The criminal justice system may well be ideally placed to target interventions because of the growing number of problem drug users that exist within it. In Britain, there are today, multiple pathways into drug treatment within the criminal justice system and people can be targeted at various points: arrest, sentencing, prison or community (depending on the punishment given) and also Post-release. These projects range from Arrest Referral Schemes to Drug Treatment and Testing Orders and they should be considered by the authorities in Guyana as they put the emphasis on treatment and seek to avoid incarceration.

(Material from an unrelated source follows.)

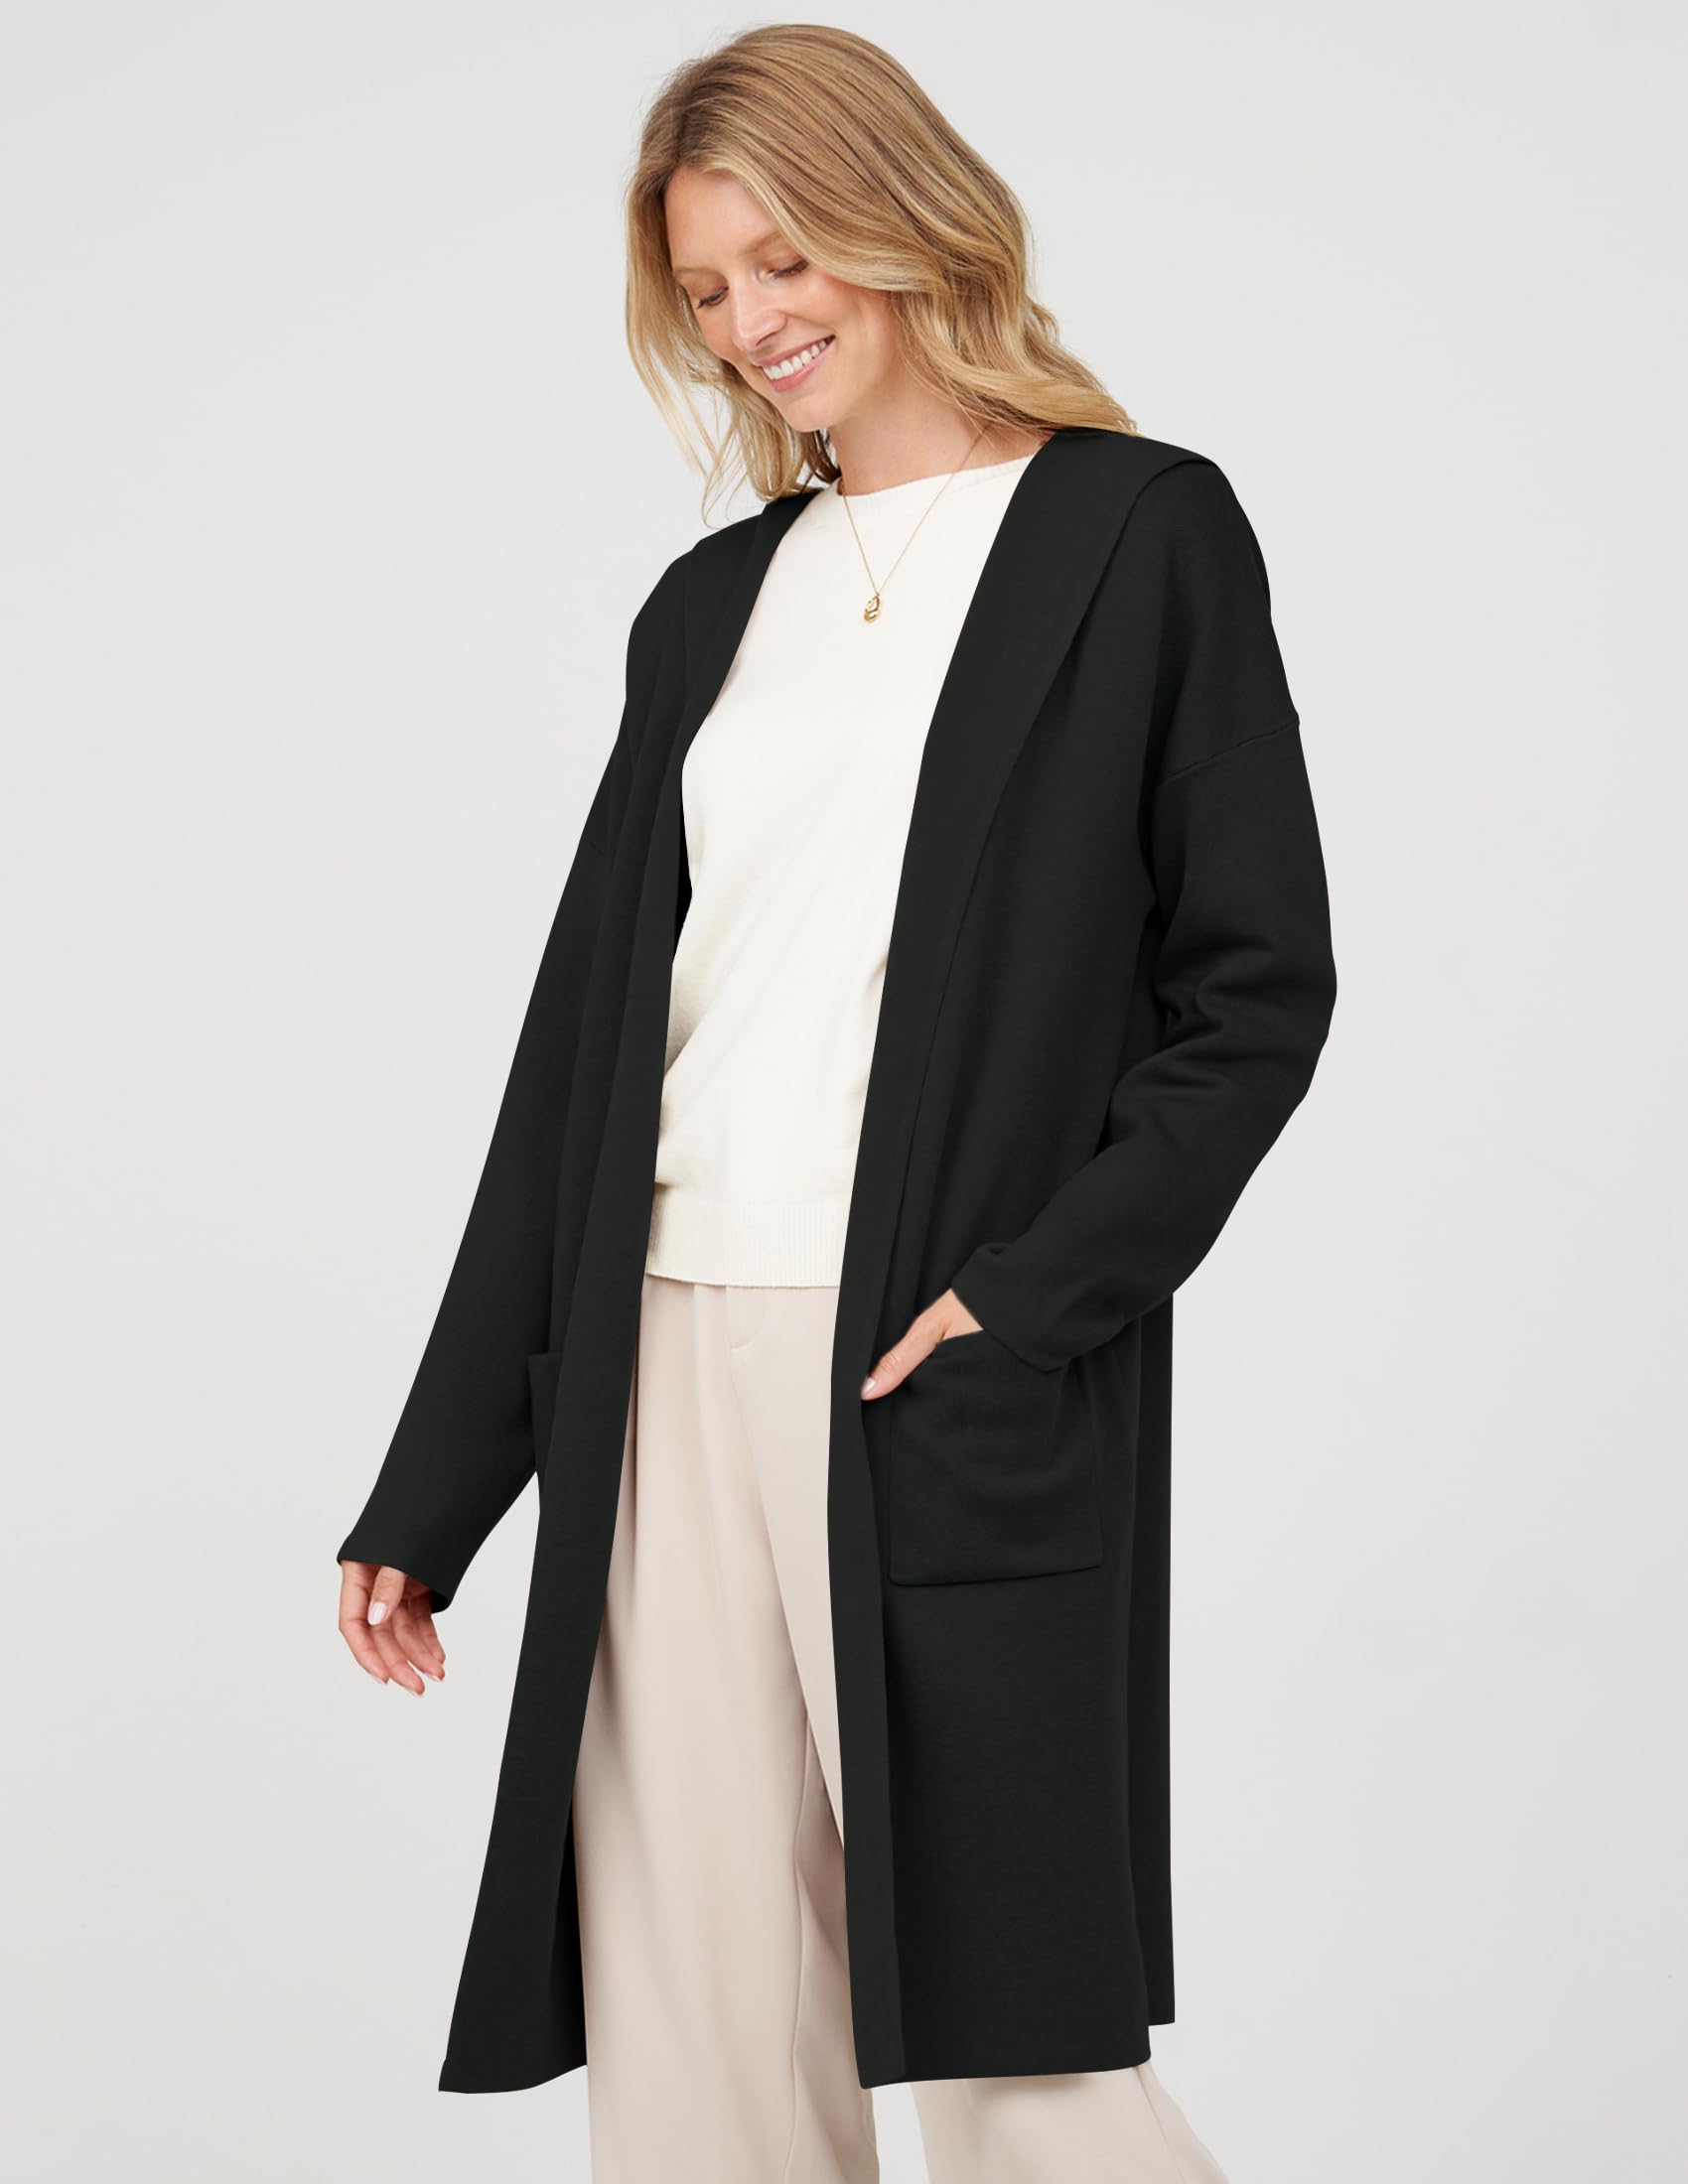 MEROKEETY Women's 2023 Long Sleeve Hooded Cardigan Dressy Open Front Knit Sweater Coat with Pockets

My position on chronic, acute or mild drug use is not decriminalization but punishment, and treatment within a non-custodial framework. Guyana, as a poor developing country has to seek ways to reduce its prison population, thereby striking a critical balance between the growing economic costs of imprisonment and the maintenance of quantum proportionality of punishment. Petty drug offenders who pose no serious threat to the community should not take up space in our already over-crowded prisons.
Our prisons must continue to be the warehouses for the most dangerous offenders in Guyana. The British drug rehabilitation model is highly commendable, Guyanese criminal justice policy makers can incorporate aspects of this model into our drug policy.